New Method Uses AI to Evaluate Football Passes Through Simulated Scenarios
Researchers have developed Monte Carlo Pass Search (MCPS), a system that uses AI trajectory generation to evaluate and compare soccer passes in three dimensions. The method frames pass evaluation as a Monte Carlo Tree Search problem, combining a possession value model, a multi-agent world model, and counterfactual pass sampling, built on the first public high-fidelity 3D ball tracking dataset from the Bundesliga. The work could advance data-driven player and tactical analysis in professional football by enabling richer, distribution-aware attribution of passing decisions.
A team of researchers has proposed Monte Carlo Pass Search (MCPS), a framework that recasts soccer pass evaluation as a Monte Carlo Tree Search (MCTS)-style problem using three core components: a possession value model, a multi-agent trajectory world model with ball interactions, and a policy for sampling counterfactual pass variants. The system infers kick parameters for observed passes, generates execution and option variants, rolls each candidate forward using a ball-conditioned world model, and scores outcomes to produce a distribution of gained value. Two complementary scoring metrics — mean-based and percentile-based execution-surplus scores — allow both analysis and player ranking. To address limited public data availability, the authors adapted SMART, a discrete-token autoregressive trajectory generator originally developed for autonomous driving, demonstrating strong best-of-20 forecasting accuracy relative to baselines. The work is grounded in the first publicly available high-fidelity 3D ball tracking dataset from the German Bundesliga, and model checkpoints and code have been released.
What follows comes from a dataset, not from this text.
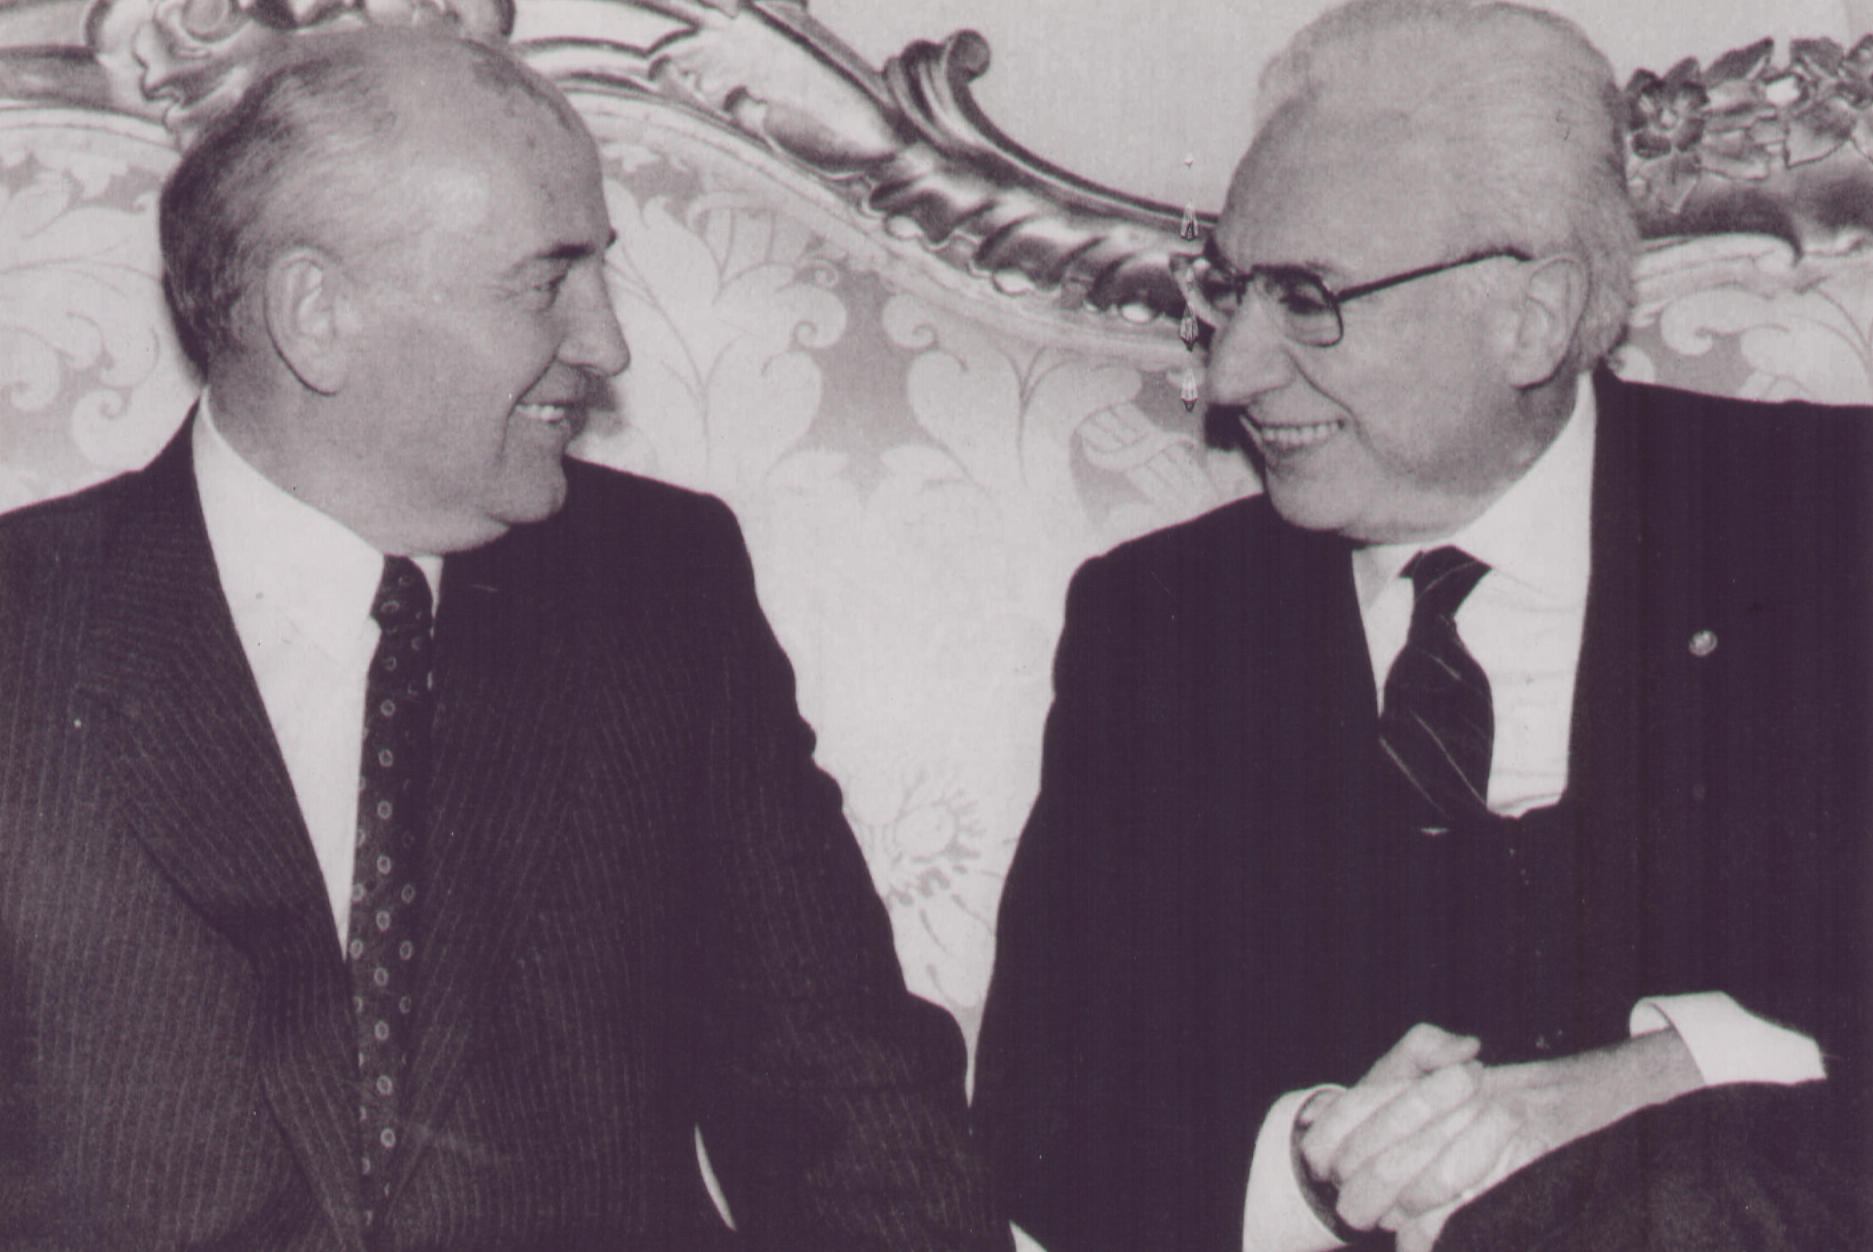   1989. Con il Presidente Michail Gorbachev.
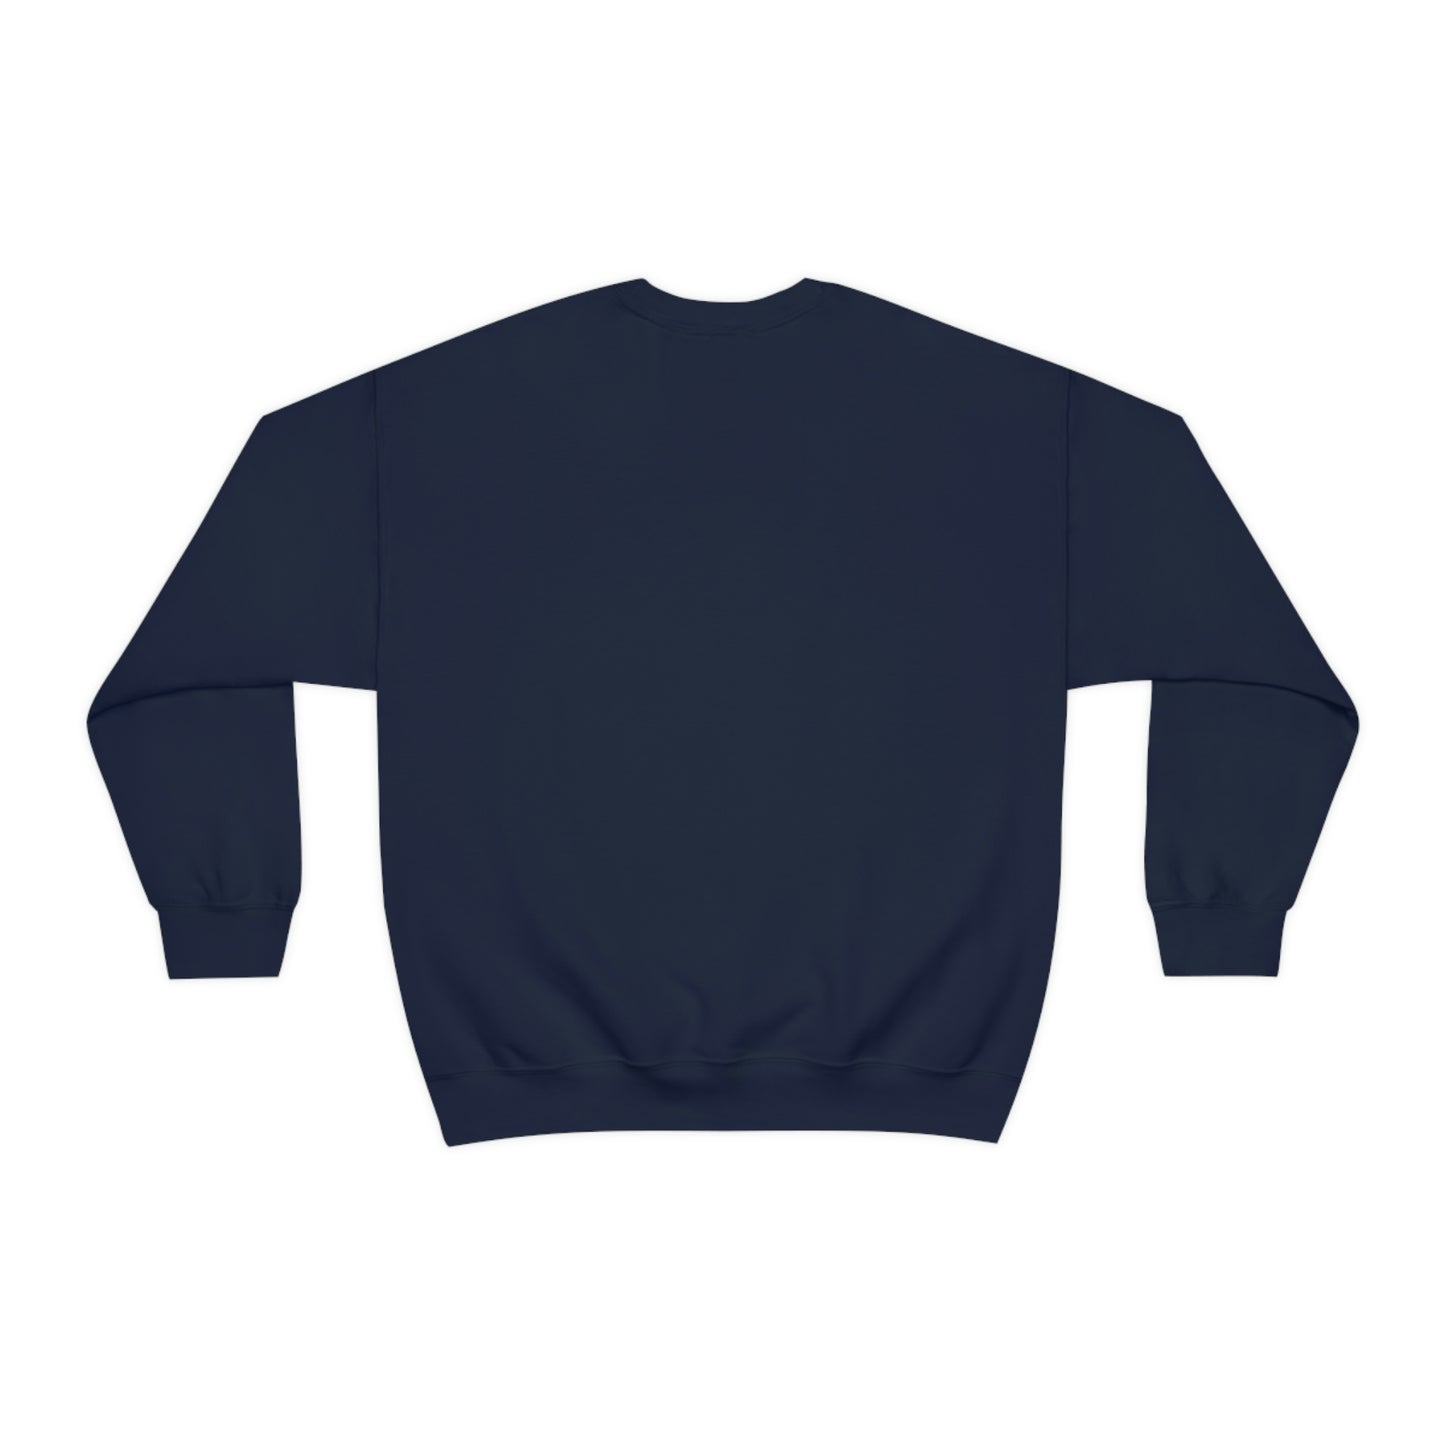 I need attention - Unisex Heavy Blend™ Crewneck Sweatshirt

The paper has been accepted to the CVSports Workshop at CVPR 2026.
What's missing
The paper does not detail the size or specific seasons covered by the Bundesliga 3D tracking dataset, nor does it discuss how well MCPS generalizes to other leagues or playing styles beyond the Bundesliga. The study also does not address potential biases introduced by the SMART model's autonomous driving origins when applied to football contexts.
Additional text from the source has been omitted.